Expression of chemotaxis receptors was examined as described previously (57). Fresh or activated CD4+ T cells (activated by phytohemagglutinin at 1 μg/ml for 10–14 hours or immobilized anti-CD3 and anti-CD28 for 5–10 hours) were stained with antibodies to CCR2 (R&D Systems Inc.; clone 48607.121), CCR4 (BD Biosciences — Pharmingen; clone 1G1), CCR5 (R&D Systems Inc.; clone 45531.111), CCR6 (R&D Systems Inc.; clone 53103.111), CCR7 (BD Biosciences — Pharmingen; clone 2H4), CCR9 (Millennium Pharmaceuticals Inc.; clone 3C3), CXCR3 (R&D Systems Inc.; clone 49801.111), CXCR4 (R&D Systems Inc.; clone 44717.111), CXCR5 (R&D Systems Inc.; clone 51505.111), and CXCR6 (R&D Systems Inc.; clone 56811.111) for 20 minutes on ice. Mouse IgG2b (Caltag Laboratories) was used for a negative control. Cells were further stained with biotinylated goat anti-mouse IgG (heavy and light) antibody (Vector Laboratories Inc.) for 20 minutes, followed by final staining with peridinin chlorophyll protein–streptavidin and antibodies to CD4 (Caltag Laboratories; clone S3.5, labeled with APC), CD25 (BD Biosciences — Pharmingen; clone M-A251, labeled with PE), and CD69 (BD Biosciences — Pharmingen; clone FN50, labeled with FITC) in 10% mouse serum. Stained cells were acquired with a FACSCalibur, and the data were analyzed with CellQuest (BD Biosciences). For the Tregs activated with anti-CD3 and anti-CD28, surface CXCR5 was detected with anti-CXCR5–biotin (R&D Systems Inc.) and peridinin chlorophyll protein–streptavidin. CCR7 was detected by PE-conjugated anti-CCR7 (BD Biosciences — Pharmingen).

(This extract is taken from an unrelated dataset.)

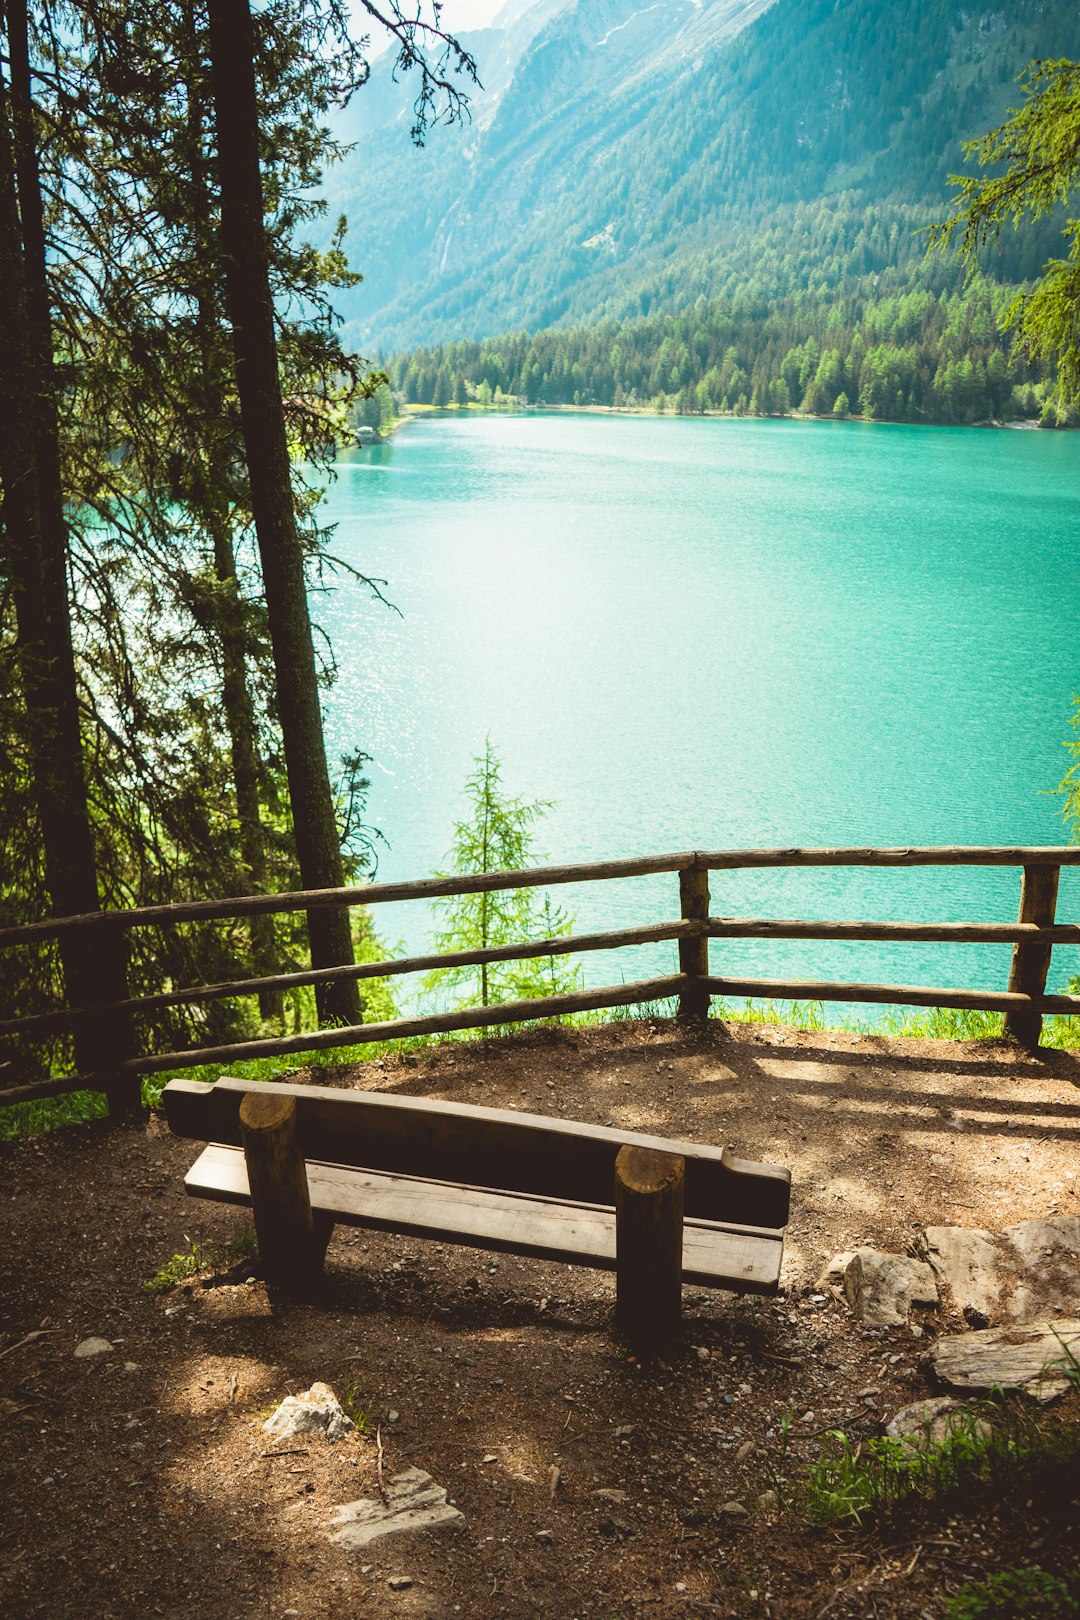 brown wooden bench near body of water during daytime

Student’s paired t test was used to determine the significance of the differences between 2 sets of related data. P values less than or equal to 0.05 were considered to be significant.
This study was supported by grants from the Leukemia and Lymphoma Society, the American Cancer Society (IRG-58-006-44), the Leukemia Research Foundation, the US Department of Agriculture (IND73077AH), and the Eli and Edythe L. Broad Foundation (to C.H. Kim). We thank J. Kim for his excellent technical assistance, J. Xie and M. Chester (Department of Statistics, Purdue University) for their advice on statistical analysis, and H. Crocker for her help in preparation of this manuscript.
Nonstandard abbreviations used: AID, activation-induced cytosine deaminase; CTLA-4, CTL-associated antigen 4; GC-Th cell, GC T cell; GITR, glucocorticoid-induced TNF receptor; IFA, interfollicular area.
Conflict of interest: The authors have declared that no conflict of interest exists.